Narozniak, kuantum dolaşmanın kuantum akıllı sözleşmeleri güvence altına almak için de kullanılabileceğini söyledi. “Sözleşmenin yürütülmesi sırasında tokenlar karışabilir ve akıllı sözleşme kararlaştırıldığı gibi yürütülmezse her iki tarafı da nihai kayıplara karşı savunmasız hale getirebilir.”

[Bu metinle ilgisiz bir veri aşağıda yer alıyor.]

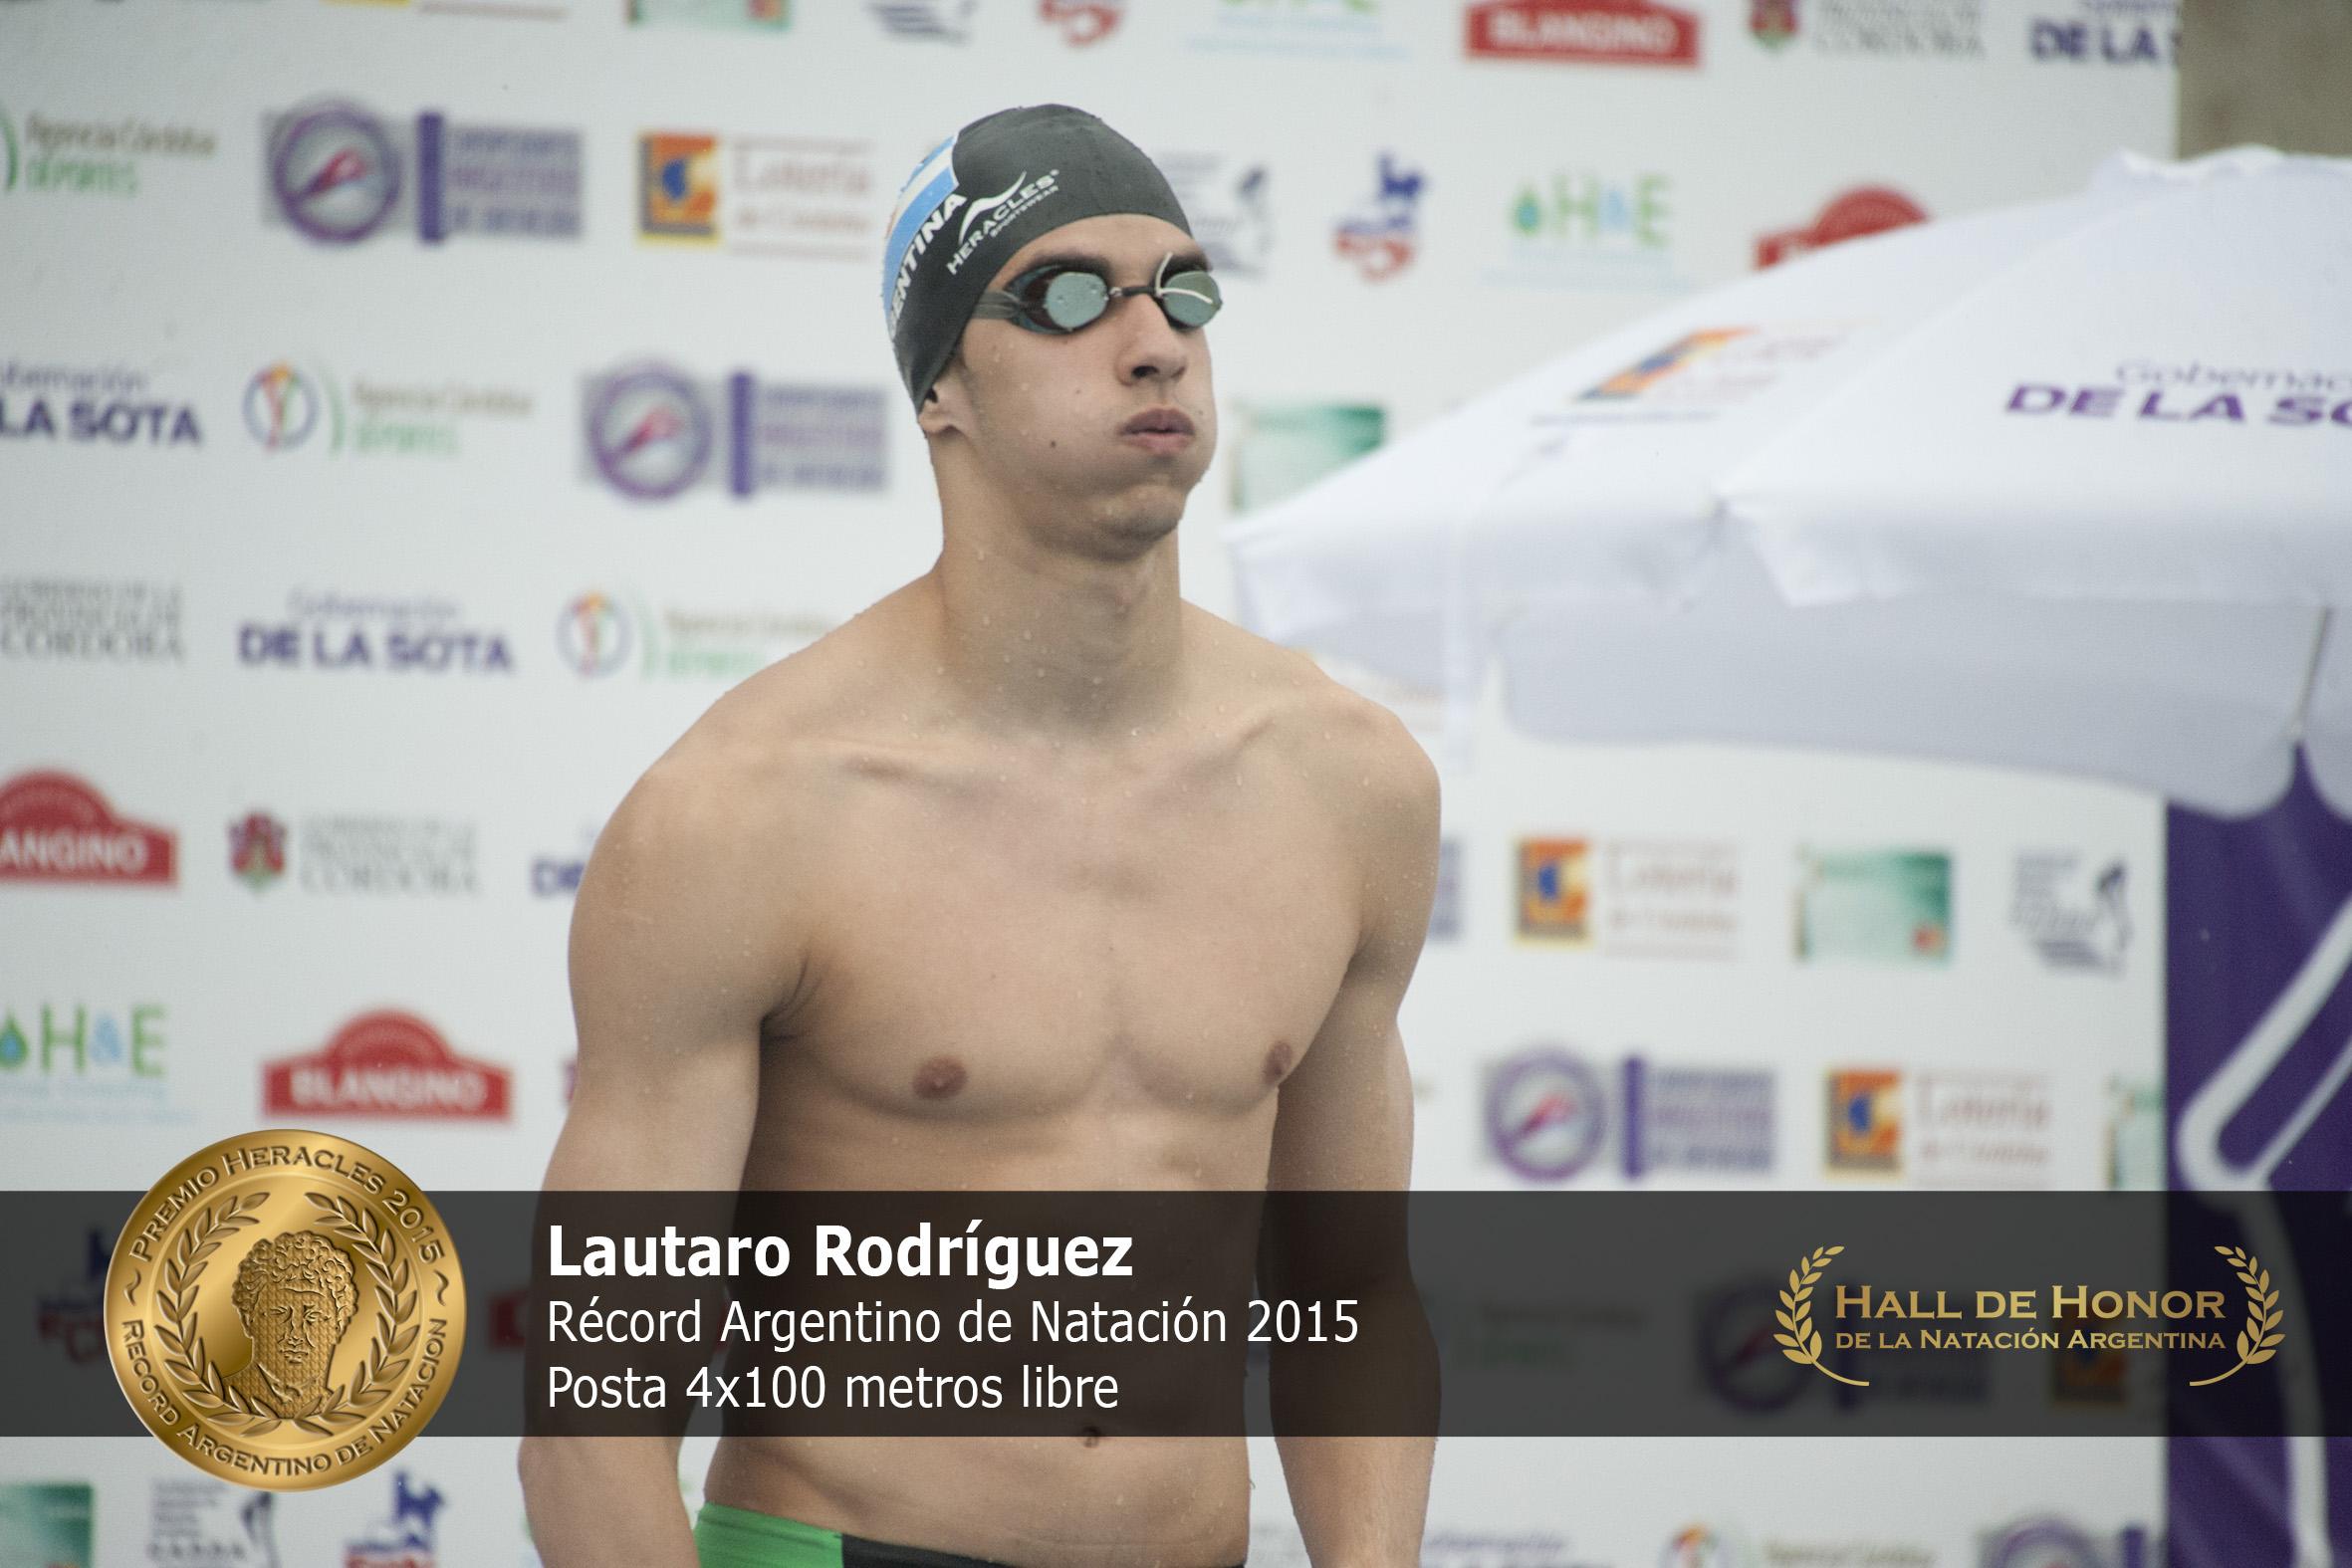 Lautaro Rodríguez
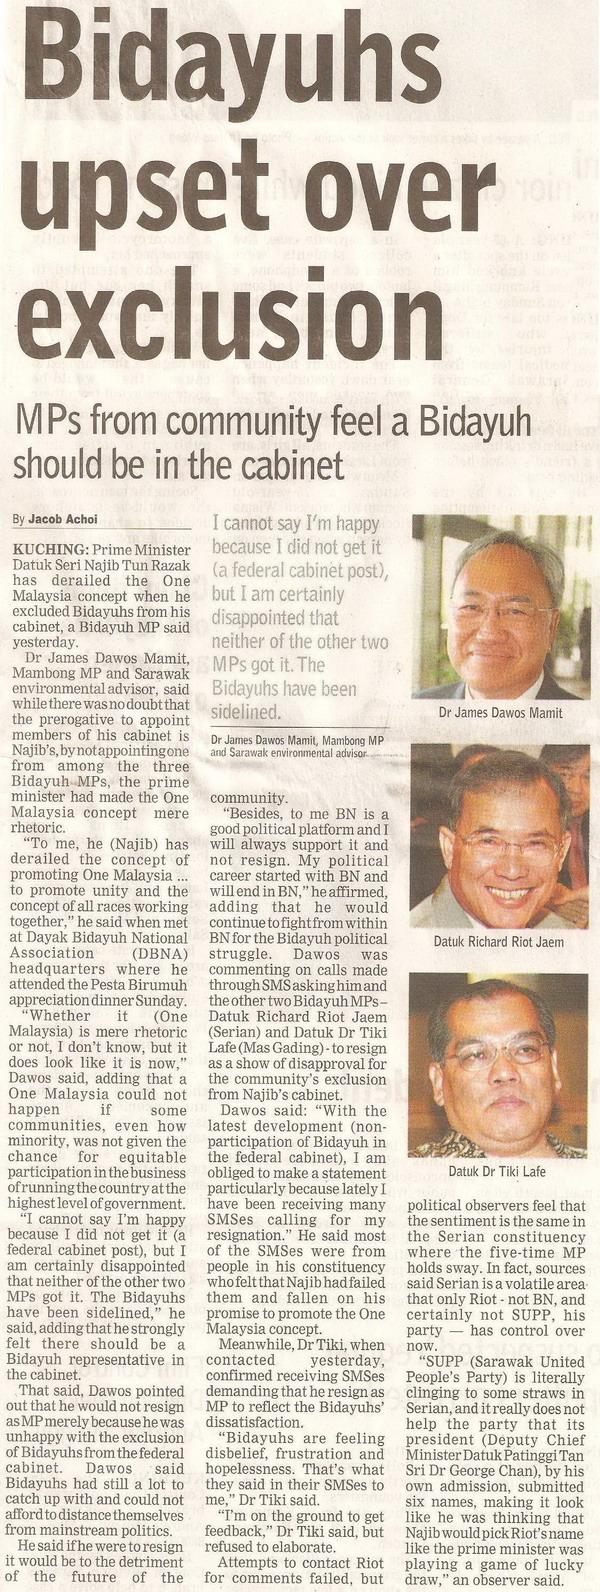 Borneo Post. 2009. Bidayuhs upset over exclusion. April 14, 2009 Edition.

Kuantum sonrası kriptografiyi geliştirmek

Sonuç olarak, kuantum hesaplamanın kripto evrenine yönelik tehdidi gerçek gibi görünüyor, ancak kriptonun temelindeki kriptografiyi ihlal etmek için muazzam bir güç gerekecek ve bilgisayar korsanlarının aynı zamanda katı zaman kısıtlamaları altında çalışmaları gerekecek - BTC özel anahtarına sızmak için yalnızca 10 dakikaları var. örneğin. Bitcoin'in eliptik eğri şifrelemesinin kuantum hesaplama kullanılarak kırılması gerçeği de en az on yıl uzakta. Ancak sektörün caydırıcı önlemleri geliştirmeye şimdiden başlaması gerekiyor. Barmes, "Zamanında hazır olmamız gerektiğini söyleyebilirim ancak bunun üzerinde ciddi şekilde çalışmaya başlamamız gerekiyor" dedi.

Berkeley Kaliforniya Üniversitesi bilgisayar bilimleri bölümünden profesör Dawn Song, Cointelegraph'a şunları söyledi: Aslında şu anda "kuantum sonrası kripto konusunda önemli miktarda araştırma yapılıyor" ve şunları ekledi:

"Kuantum dirençli veya kuantum sonrası kriptografi geliştirmemiz önemlidir, böylece kuantum bilgisayarları gerçekte yeterince güçlü olduğunda alternatifleri hazır hale getirebiliriz."